The exact costs vary from state to state, but death penalty cases seem to cost from 1.5 to four times as much as non-death penalty cases, according to the Death Penalty Information Center. For example, one study commissioned by the legislature in Nevada found the price of a murder trial in which the death penalty was sought was up to $1.3 million, while cases without the death penalty cost $775,000.

The higher cost is driven by more extensive court processes, from jury selection to appeals, in death penalty cases. These extra checks are in place to try to ensure the government doesn't make a mistake and execute an innocent person — although that certainly still happens, suggesting even the current checks may not be enough.

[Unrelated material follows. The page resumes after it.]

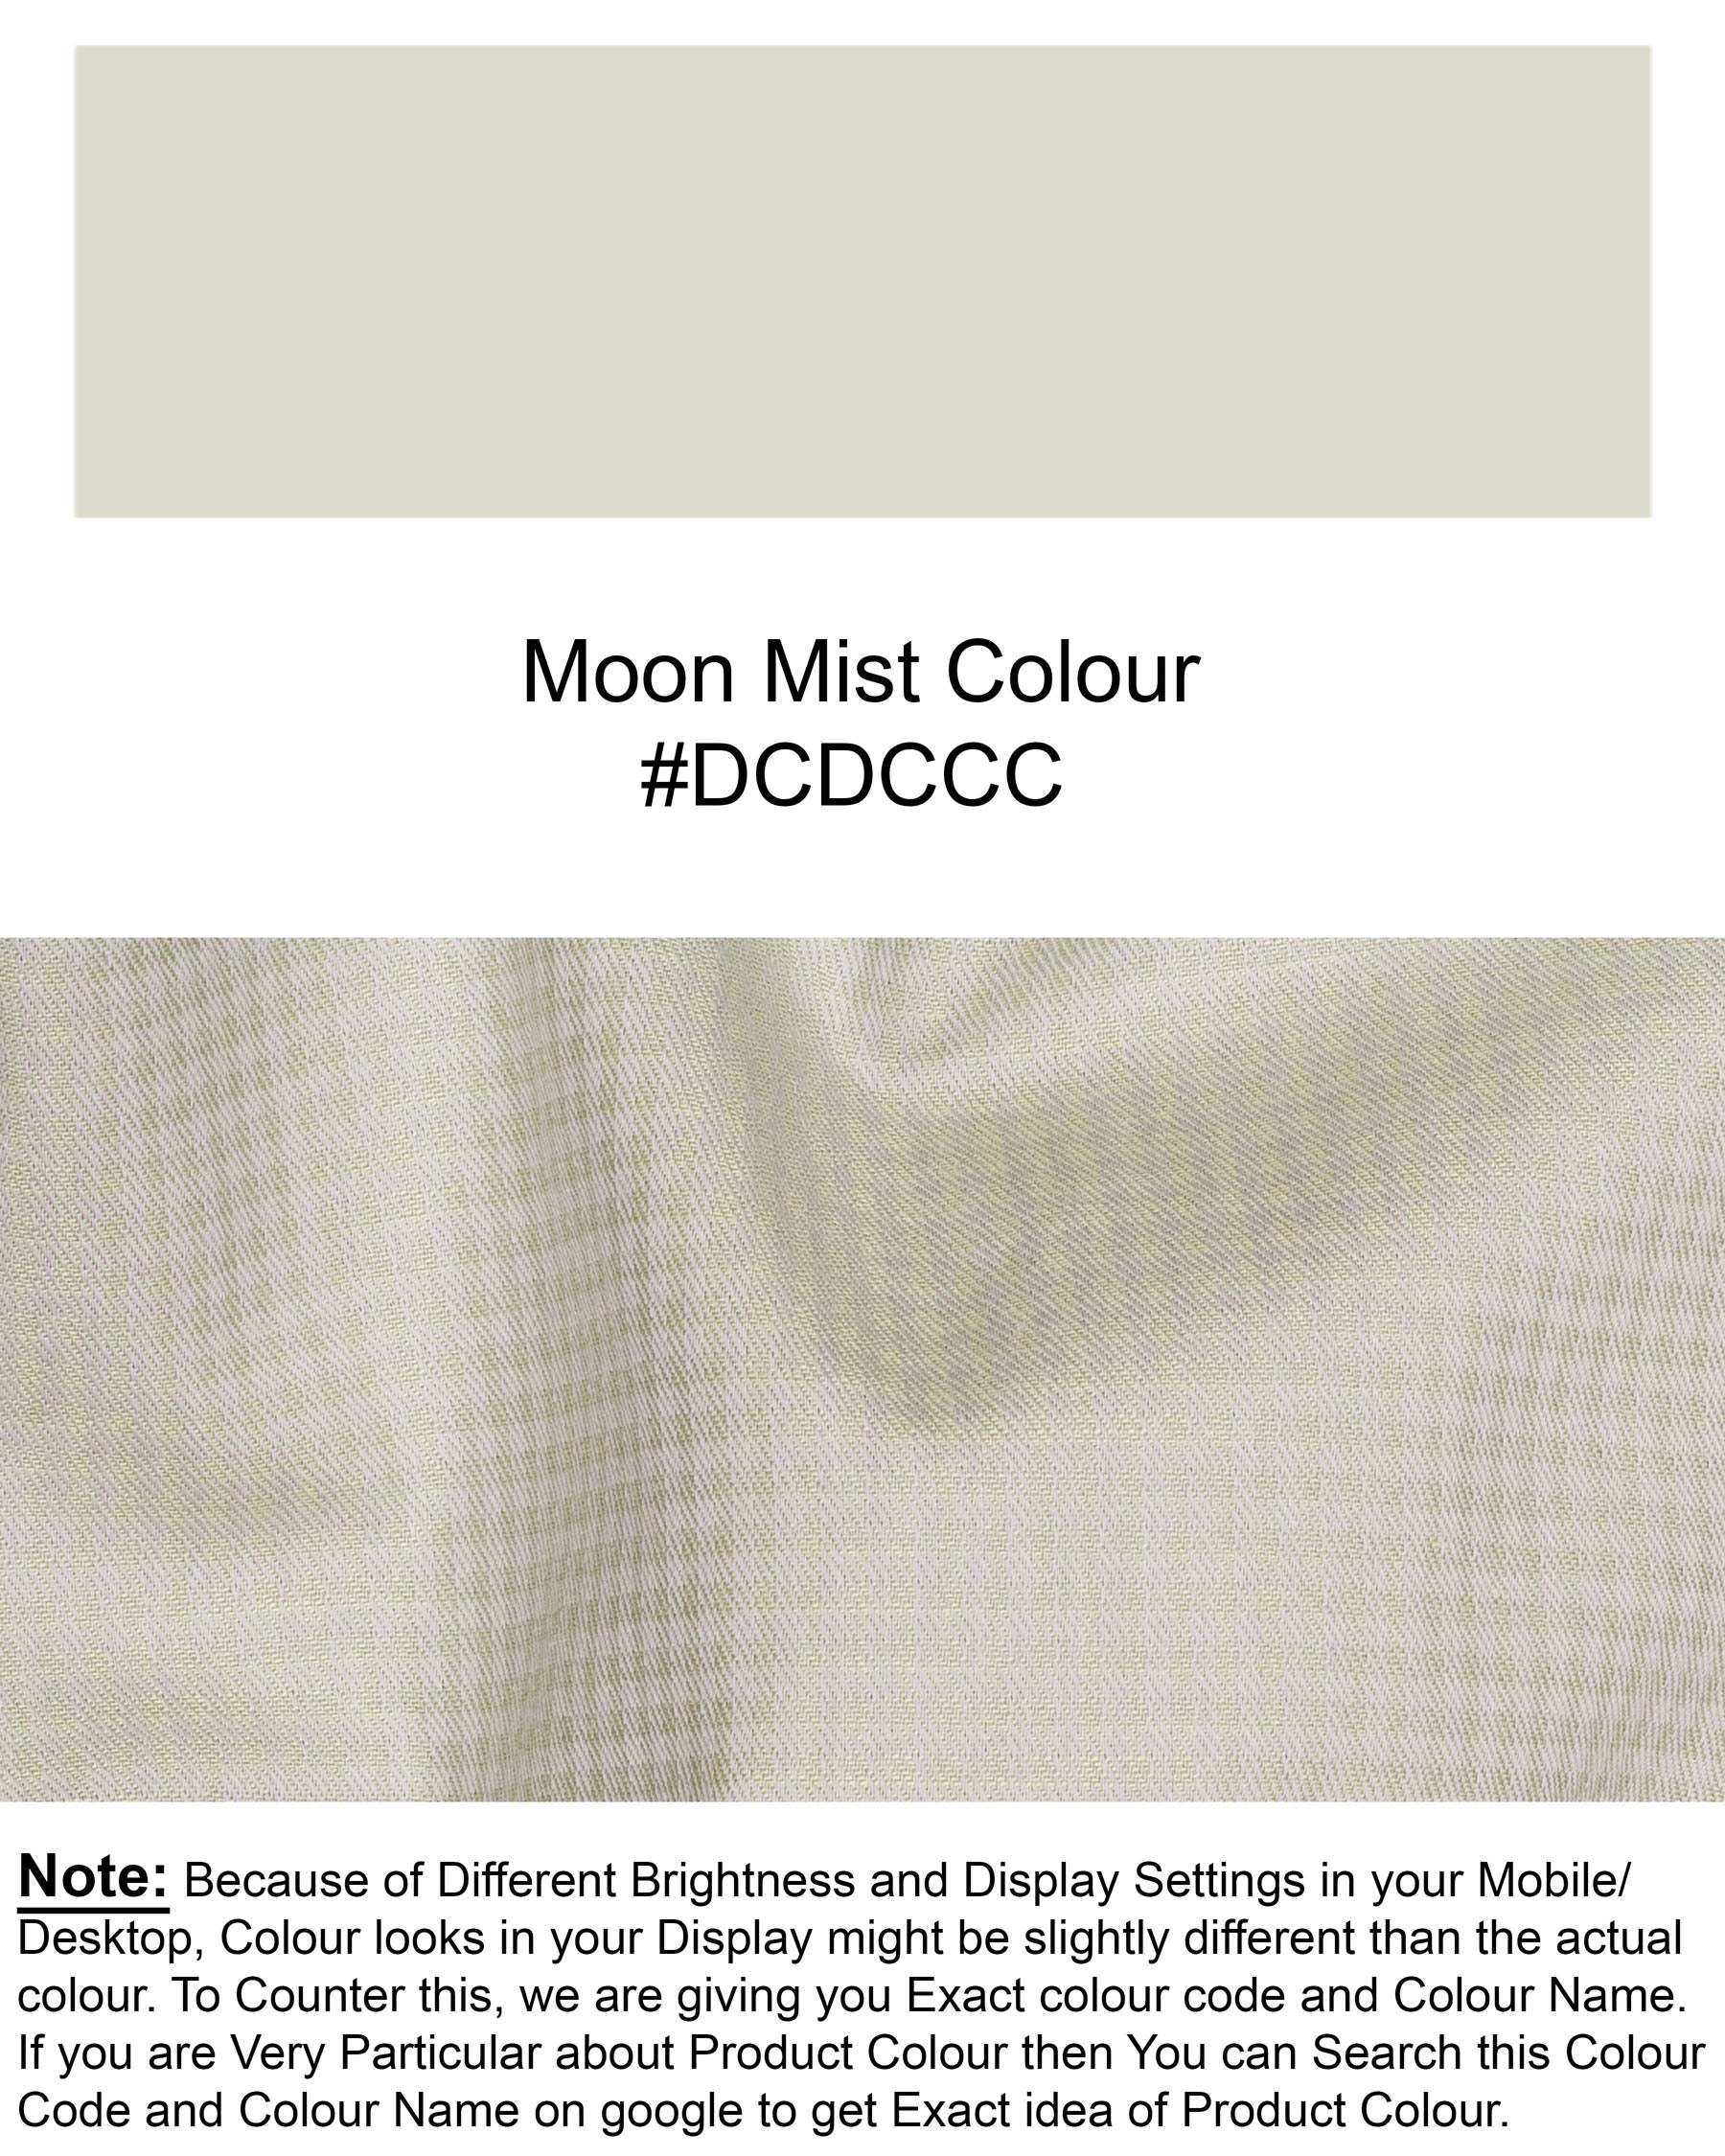 Moon Mist Dobby Textured Premium Giza Cotton Shirt 6802-38,6802-38,6802-39,6802-39,6802-40,6802-40,6802-42,6802-42,6802-44,6802-44,6802-46,6802-46,6802-48,6802-48,6802-50,6802-50,6802-52,6802-52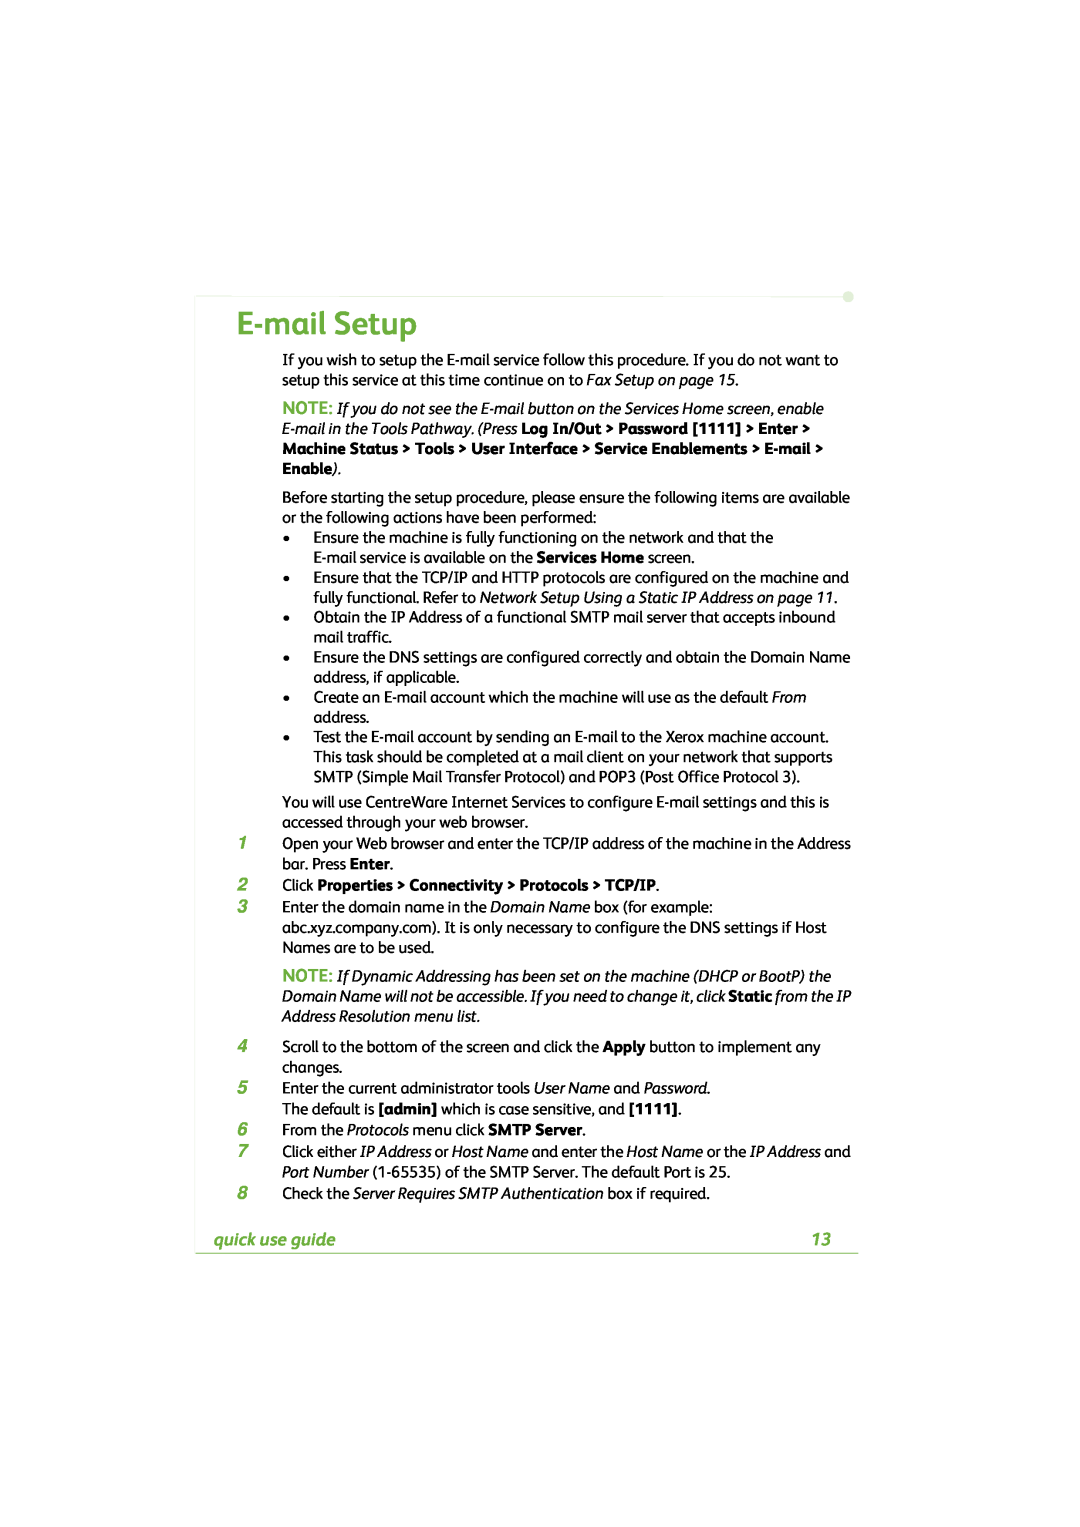 Xerox 4260C manual E-mailSetup, quick use guide

Prison is the cheaper alternative to death row.

David Greedy/Getty Images

For those higher costs, the public doesn't get much in return. About 88 percent of criminologists don't believe the death penalty deters homicides, according to a 2009 study published in the Journal of Criminal Law and Criminology. About 61 percent of Americans said the death penalty doesn't deter serious crime, according to an April 2015 survey by the Pew Research Center. And a February 2015 review of the research by the Brennan Center for Justice found no evidence that the death penalty had an impact on crime in the 1990s and 2000s.

The high cost and little gain is one of the reason conservative legislators in Nebraska backed the abolition of the death penalty in the state. "The taxpayers have not gotten the bang for their buck on this death penalty for almost 20 years," state Sen. Colby Coash (R) said, according to the Associated Press. "This program is broken. How many years will people stand up and say we need this?"

The focus on financial costs has been deployed by criminal justice reformers in recent years to pass prison sentence reform and pull back mass incarceration in conservative states like Georgia. Given their success in Nebraska, linking the abolition of the death penalty to fiscal responsibility also might be how death penalty opponents push their agenda in other conservative states as well.